[Exercise aim] Repeat only the lines below that run from the line with "Grand Victorian escalera" to the line with "TOP 3 NATURAL HAIR VLOGGERS IN PARIS", ends included; skip every picture.

[Source material]

++++

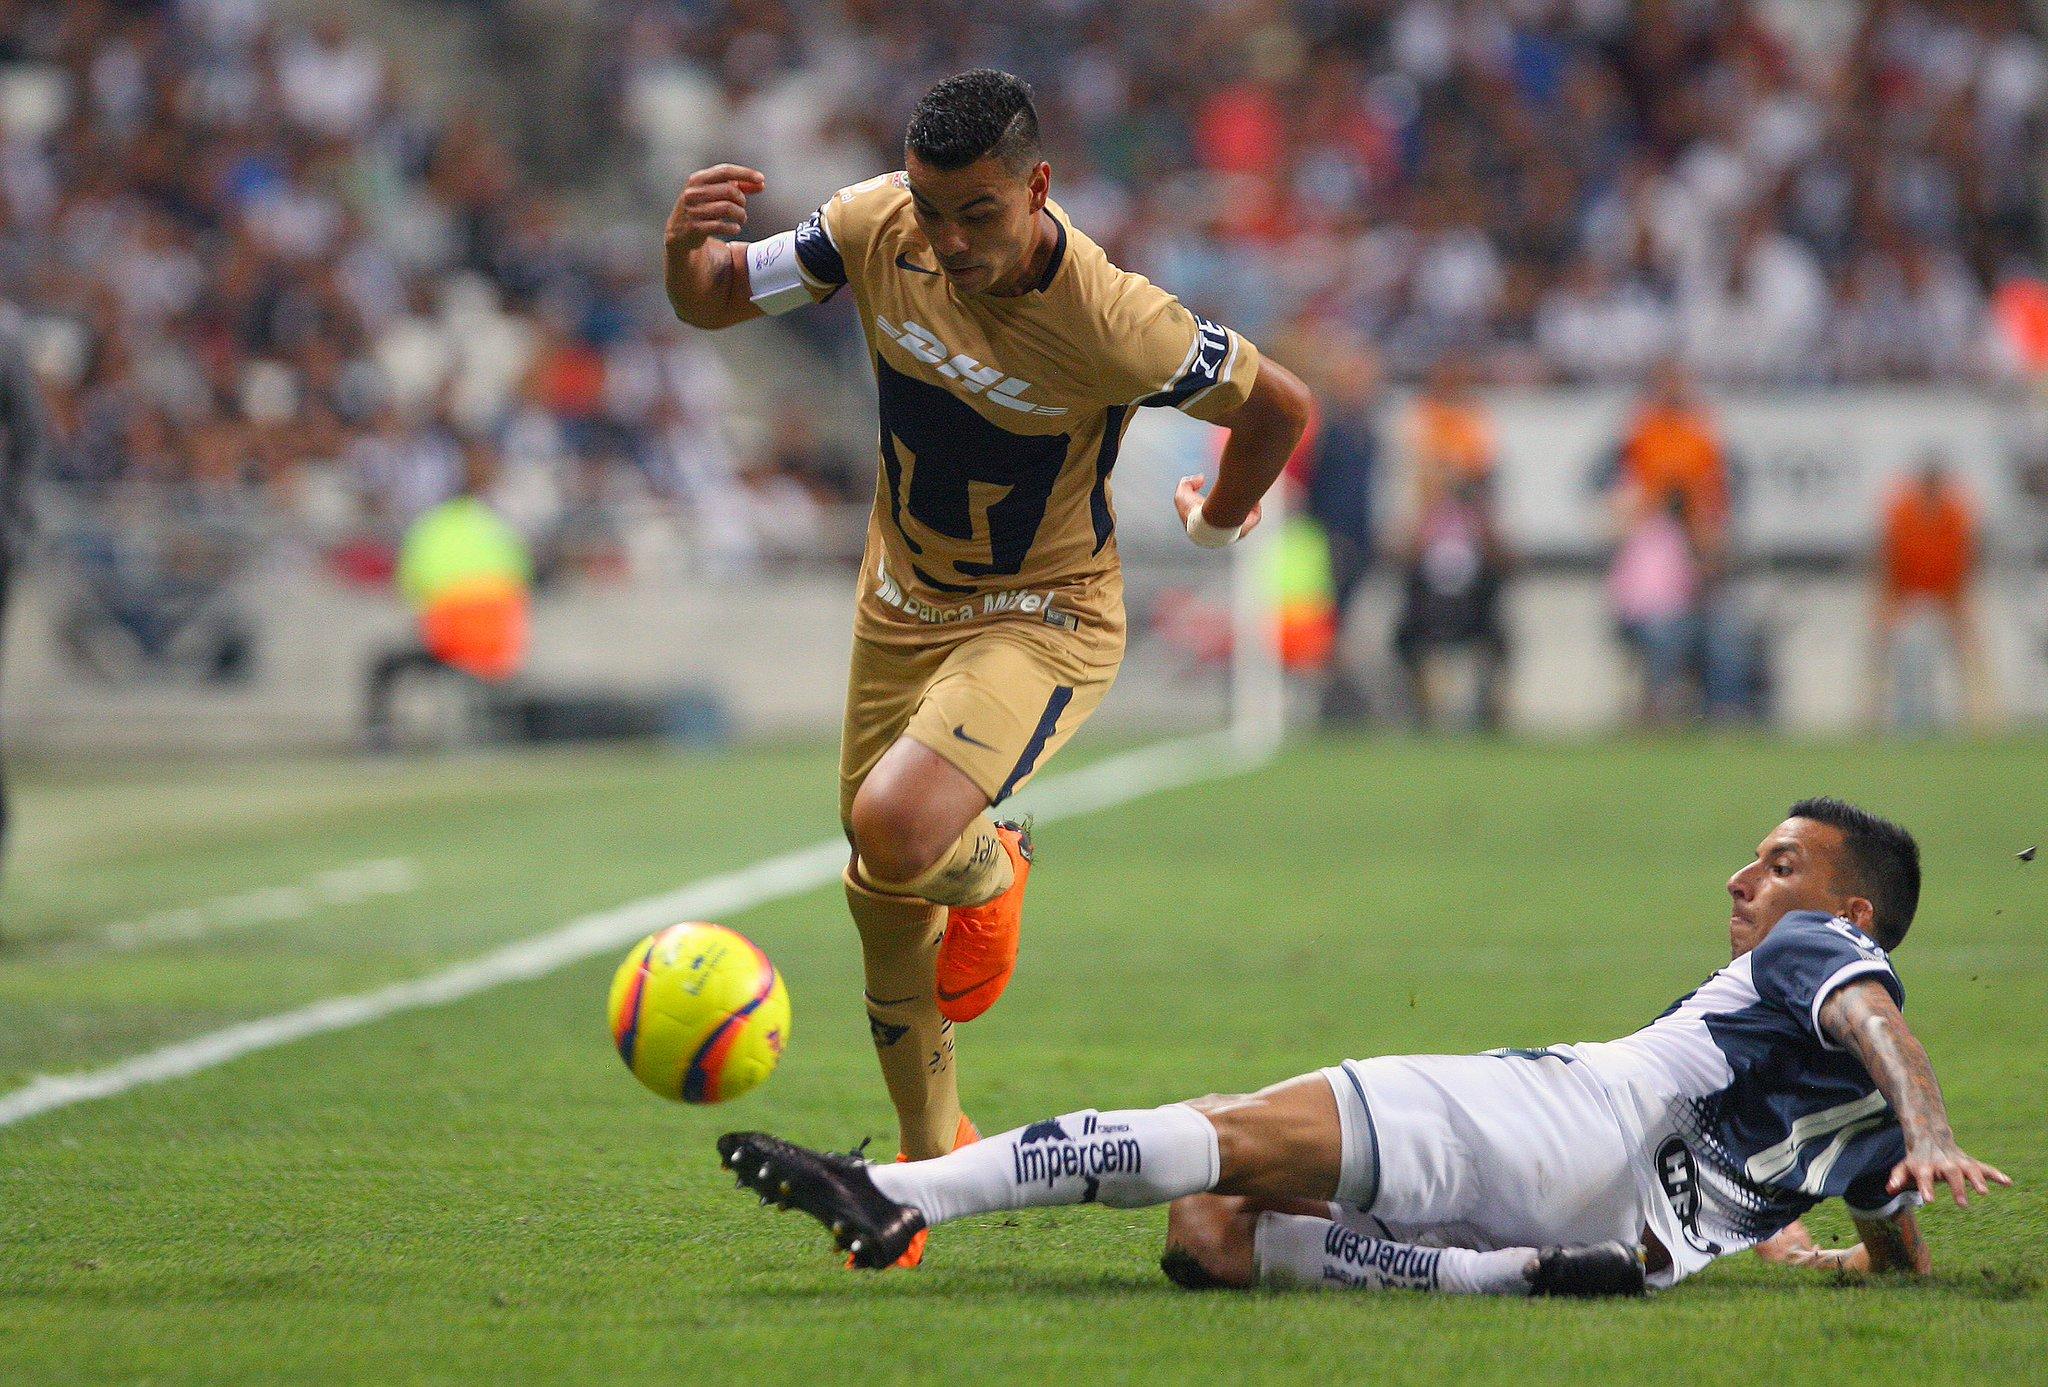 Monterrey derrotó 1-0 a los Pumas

++++

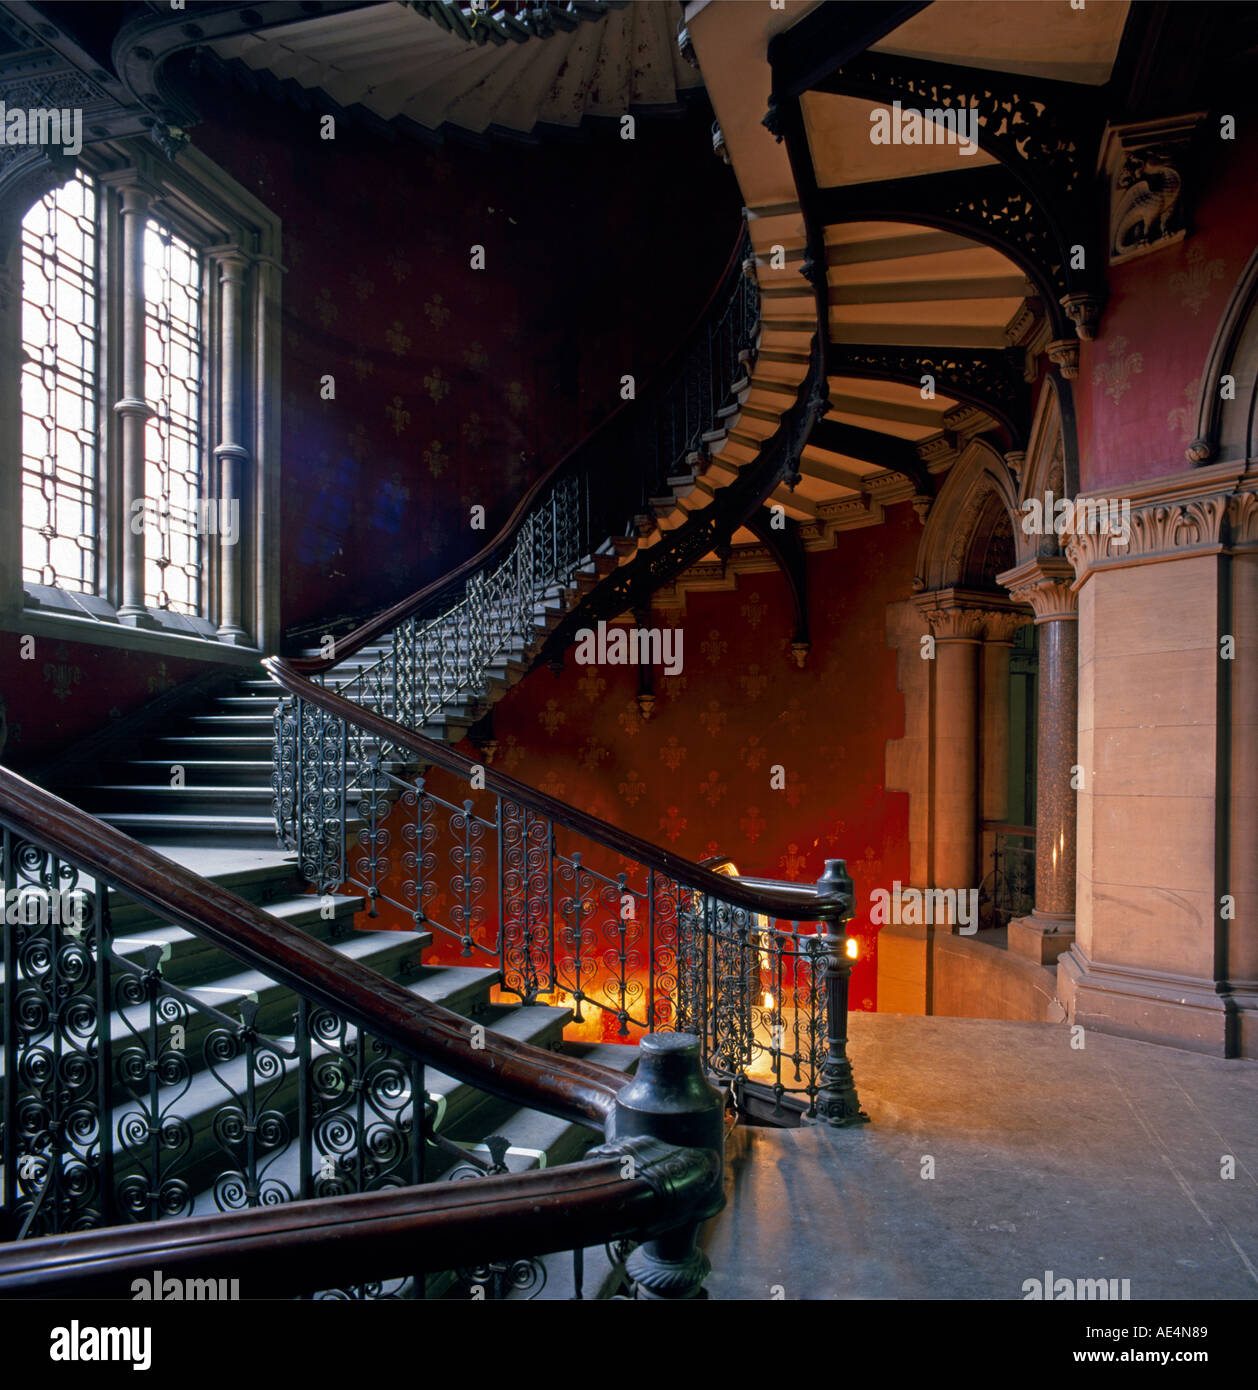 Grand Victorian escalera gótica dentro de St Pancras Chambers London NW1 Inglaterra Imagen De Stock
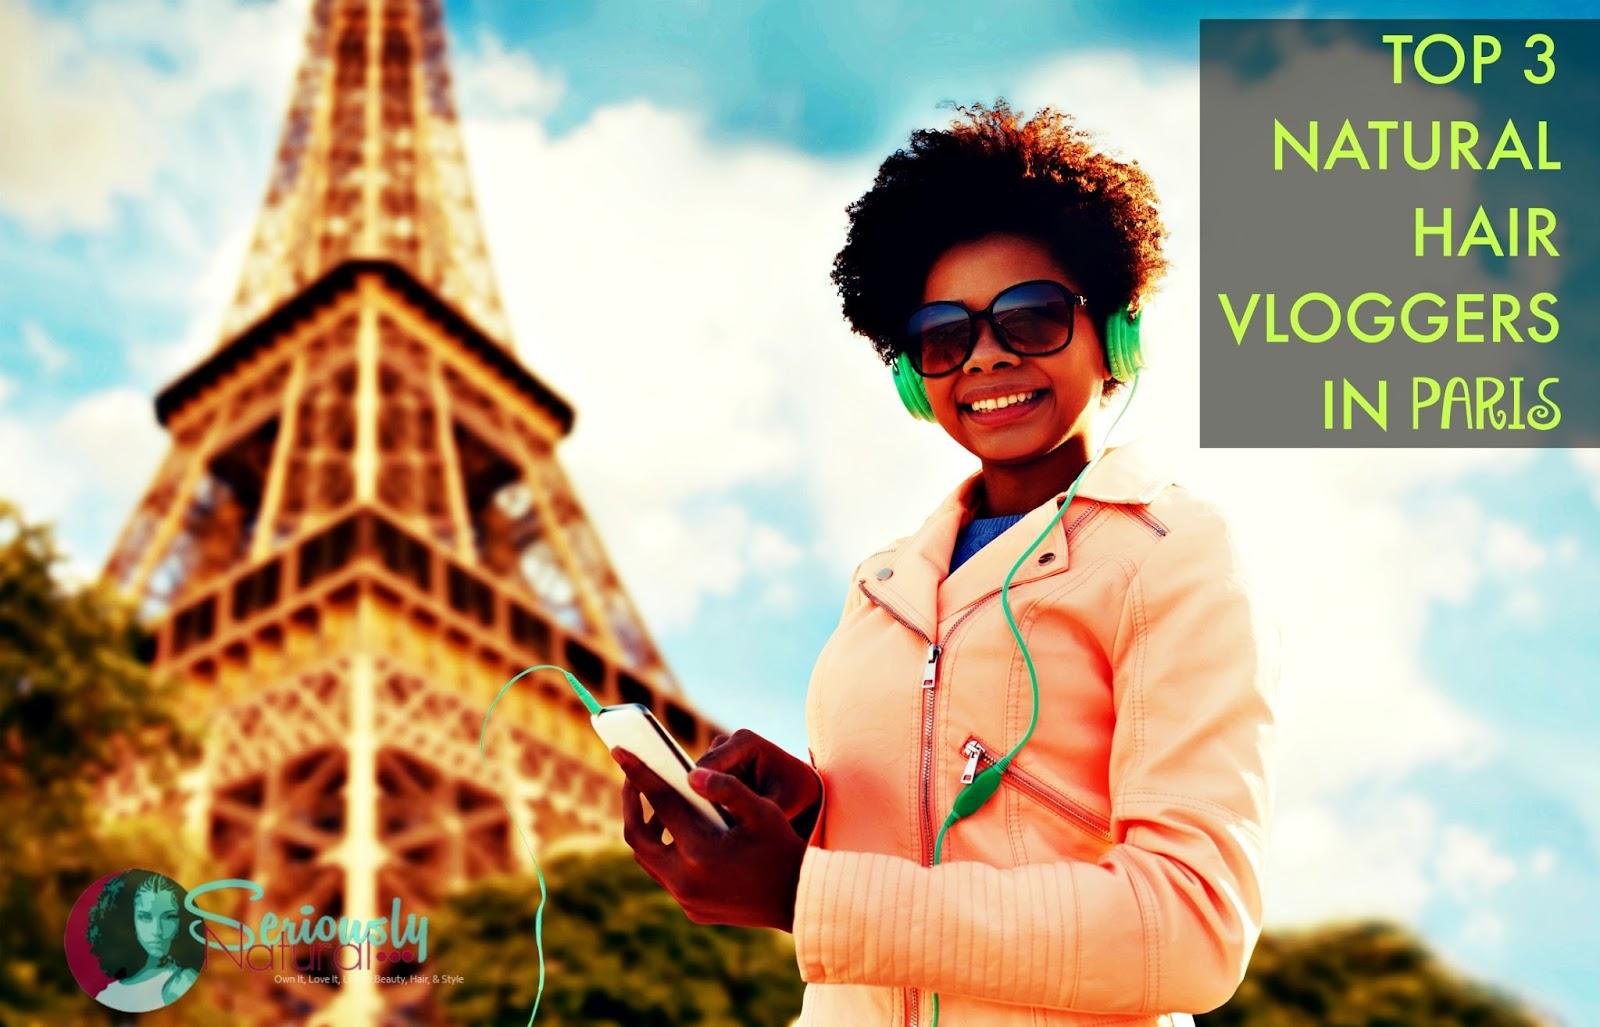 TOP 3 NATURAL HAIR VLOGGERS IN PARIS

++++

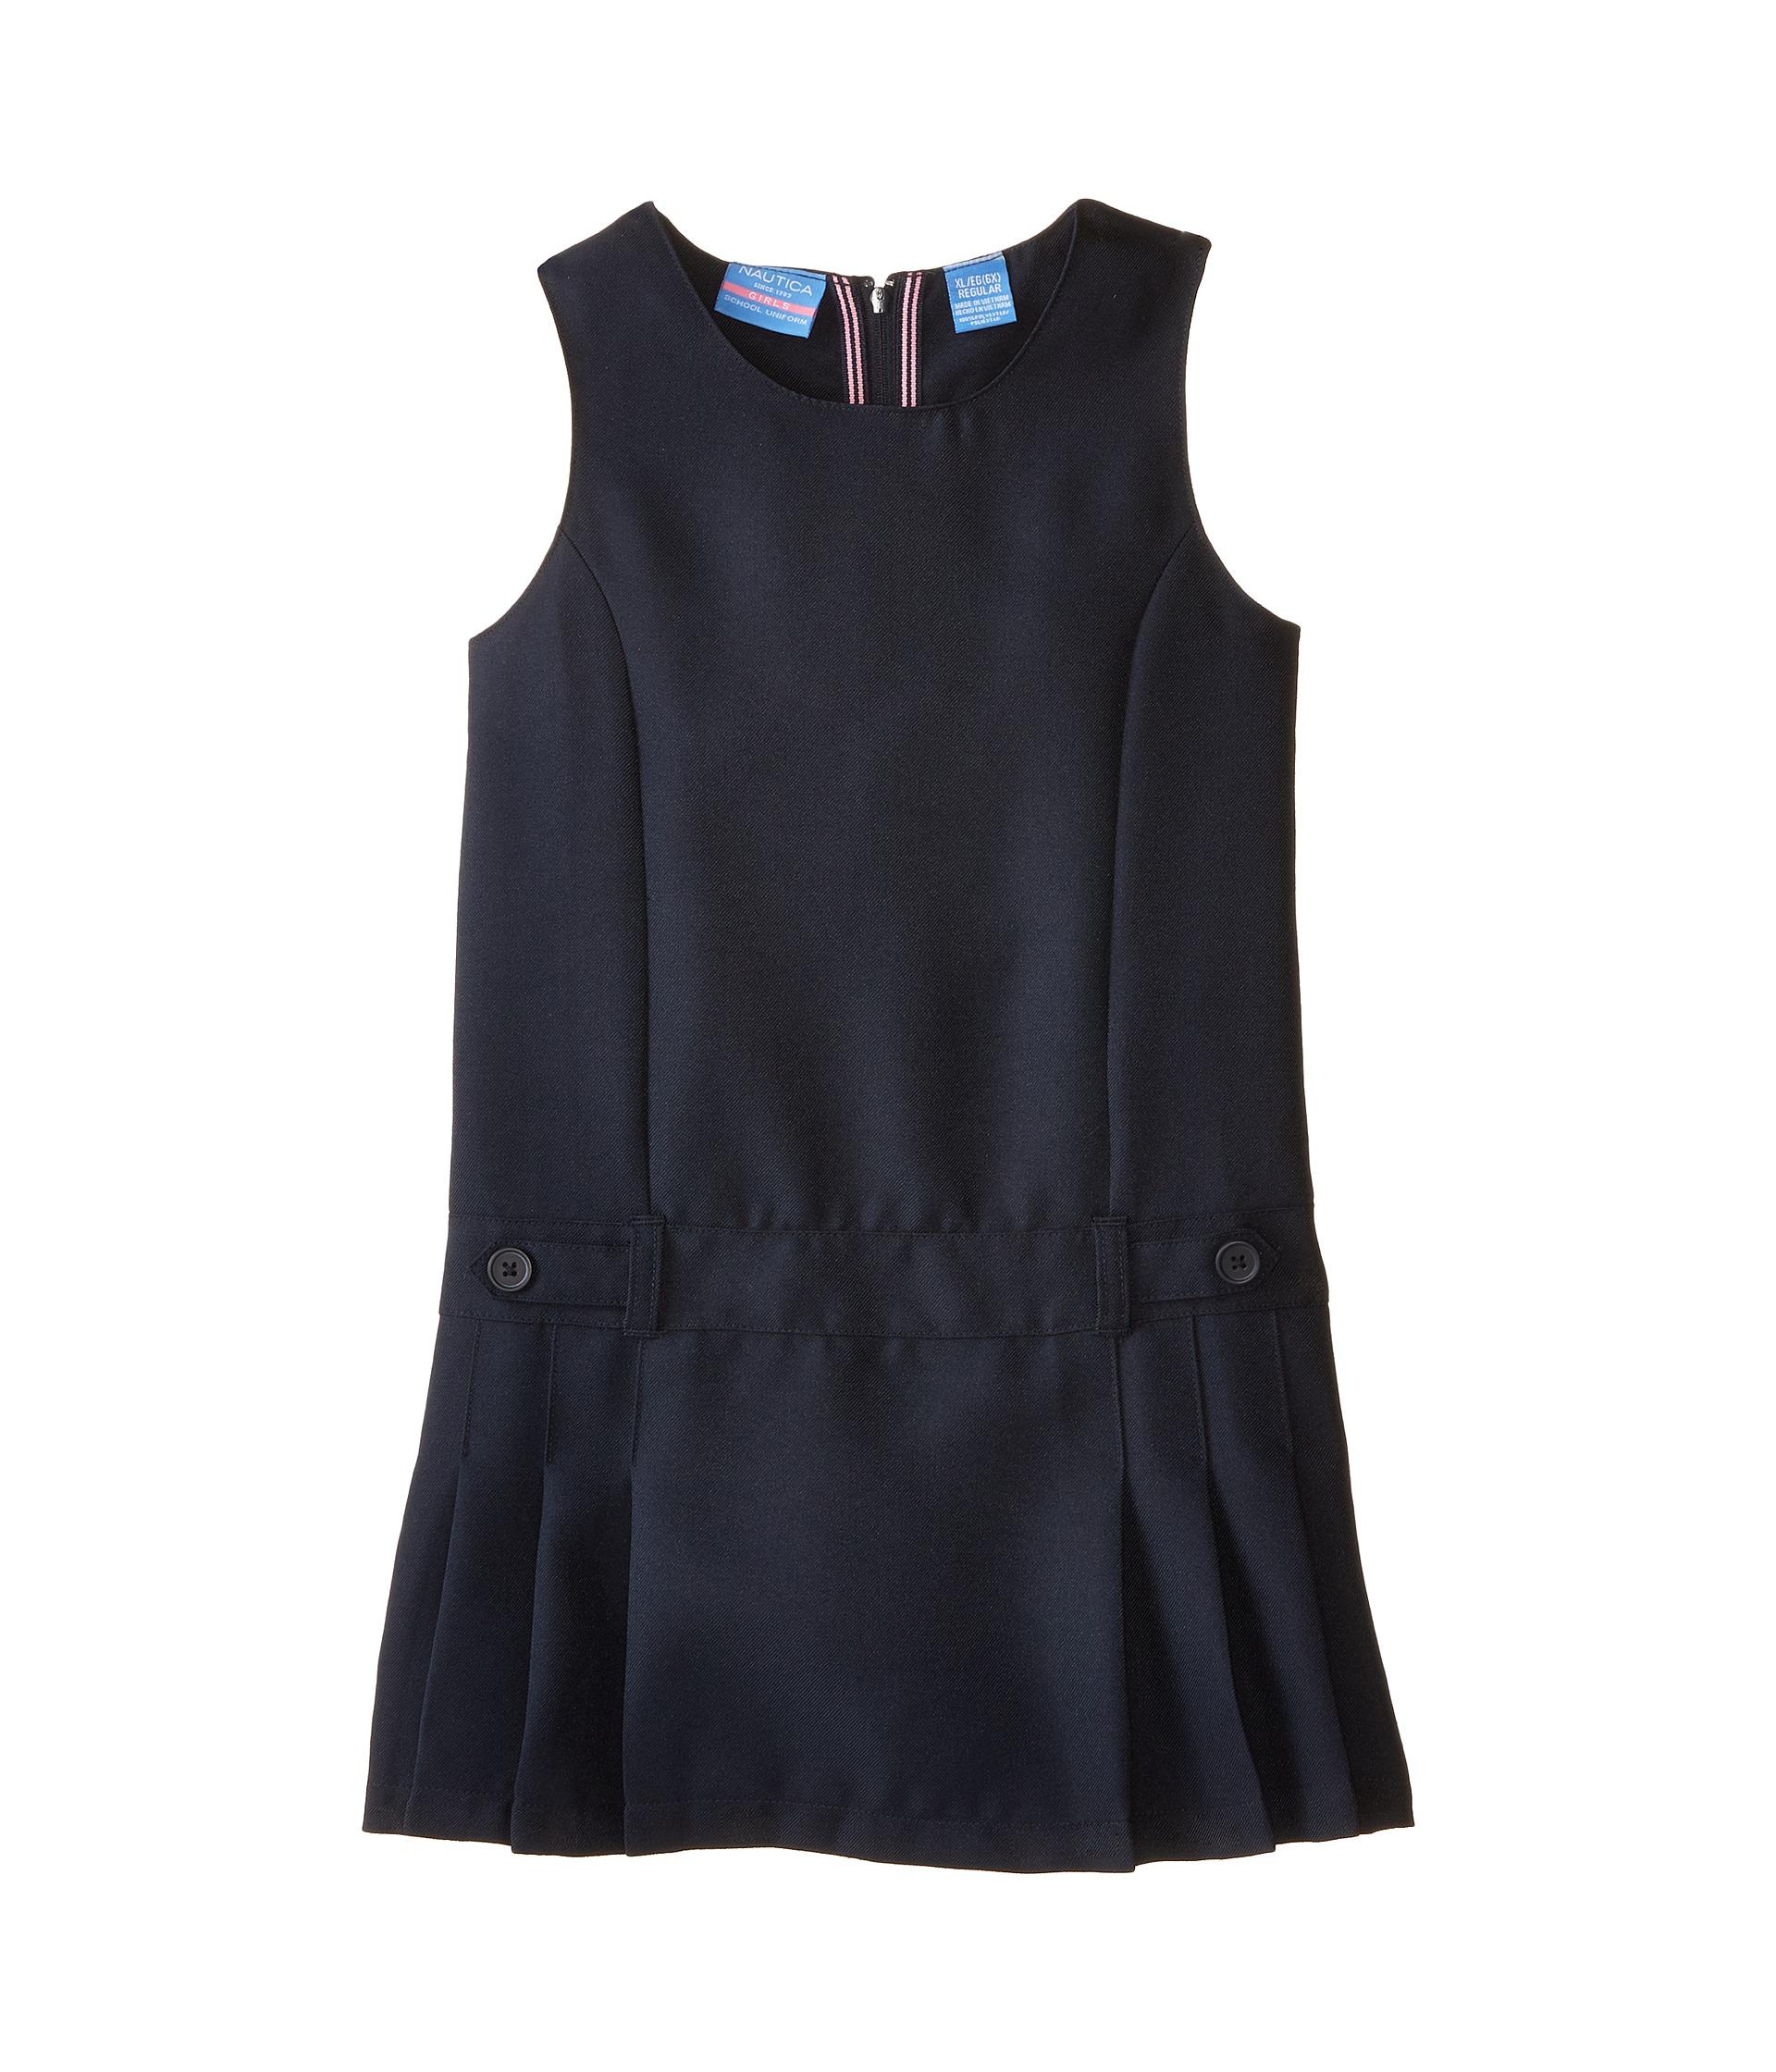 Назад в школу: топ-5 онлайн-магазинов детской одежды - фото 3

++++

[Task output]
 Grand Victorian escalera gótica dentro de St Pancras Chambers London NW1 Inglaterra Imagen De Stock
 TOP 3 NATURAL HAIR VLOGGERS IN PARIS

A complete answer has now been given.